Incredibly, high ups like the Minister of the Dept. of Agriculture and Rural Affairs and the First Minister of Northern Ireland have been brought into the mix. Even a last ditch effort has been made with the Queen, seeking a “royal prerogative of mercy” for Lennox. If they are not able to save Lennox, then his family is demanding to at least have the right to say goodbye. As they eloquently stated, “We cannot bear the thought that Lennox will die without being reminded of the hearts and hands that love him.”
Now if that last line didn’t bring a tear to your eye, you aren’t human!
But why write a blog about Lennox? Well, this blog isn’t really about Lennox. This is about the billions of other animals who are just like Lennox but who don’t garner as much attention.

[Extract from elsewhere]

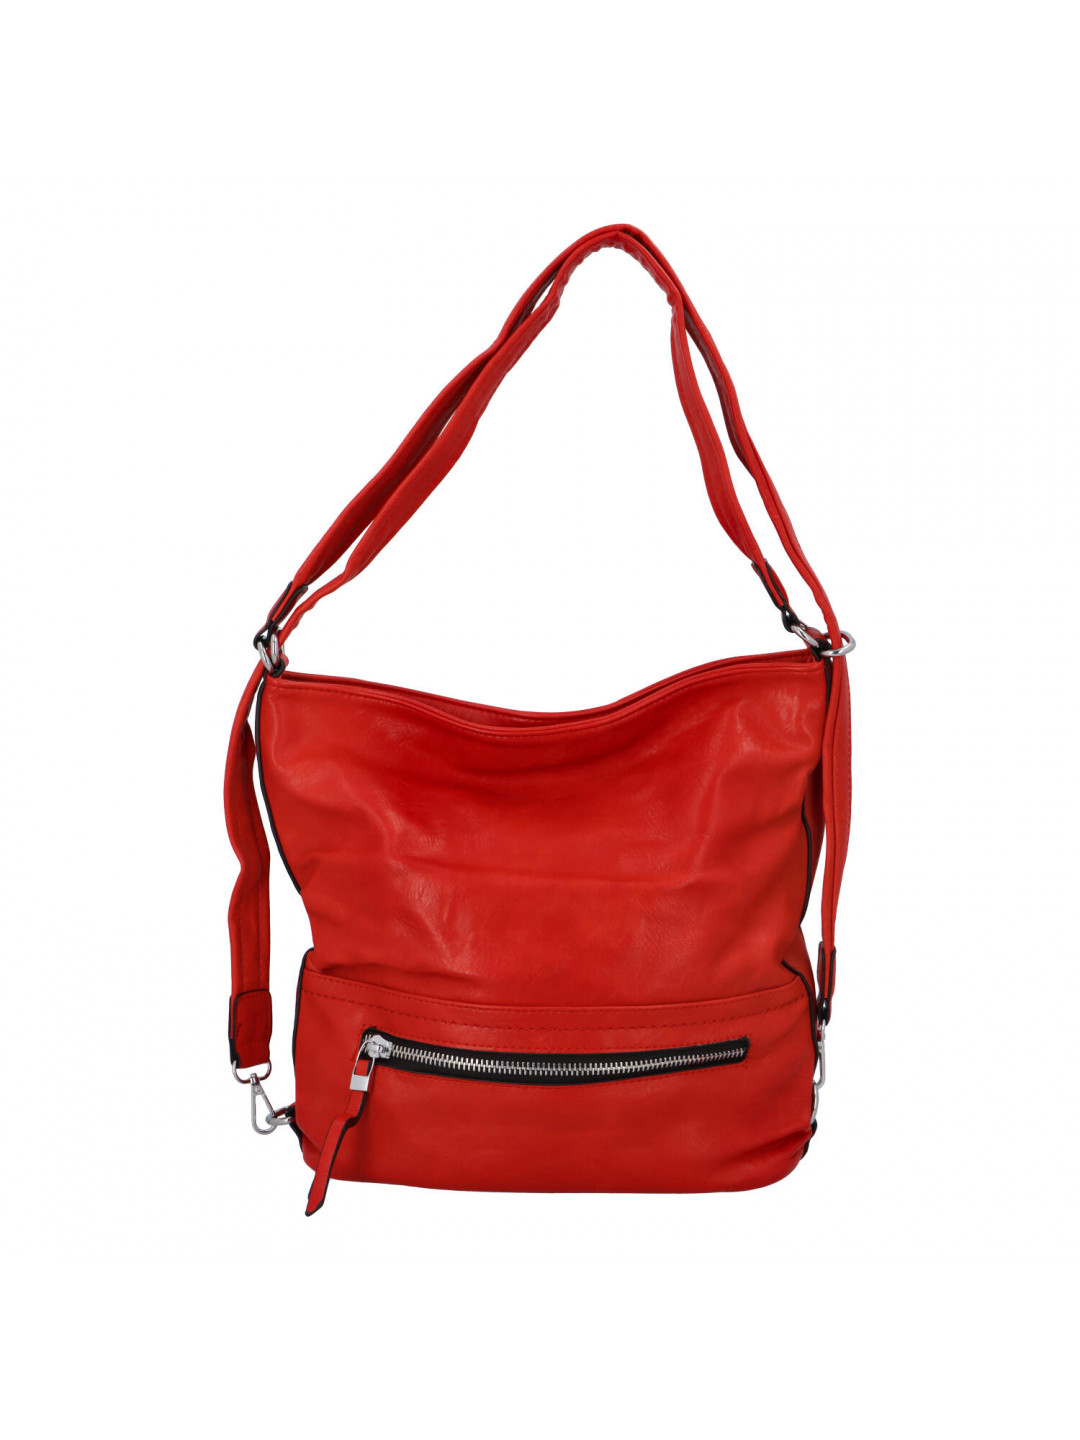 Moderní dámský koženkový kabelko batoh červený

Where is the pardon request for the beagle suffering in an animal lab testing facility?
Where is the outcry for the calf taken away from his mother after only a few hours and sold off to the veal industry?
Where is the petition seeking to free the bull about to be killed in the bullfighting ring?
Now, granted, many animal advocates do all of the above on behalf of animals. However, the plight of the average animal does not get the attention of the average person. The average person does not advocate for ALL animals.
I’m happy for Lennox and his family that their story is being told; however, I am always astounded at the disconnect people have to other animals who suffer as much if not more than Lennox. I spent some time reading the comments by people who were outraged by Lennox’s story and cared enough to comment on a newspaper article or comment on a Facebook posting. Why Lennox though? Why this dog? Why not express the same compassion and concern for other animals?
I think about the time that millions throughout the world have taken to speak up for Lennox; however, the overwhelming majority of these people ate animals today and wore animals today. After signing a petition on behalf of Lennox, they may have had bacon for breakfast, put on their favorite leather shoes or bought tickets to the circus. Totally unphased by the hypocrisy they have just participated in.
I ask, again, “Why Lennox?”
If Lennox doesn’t make it beyond July 12th, then I hope that his passing is not in vain. I hope that maybe, just maybe, his plight and the overwhelming concern the world has given him will have opened the eyes of some who might also ask, “Why Lennox?” Then perhaps they’ll go one question further and ask, “Why not every other animal?”.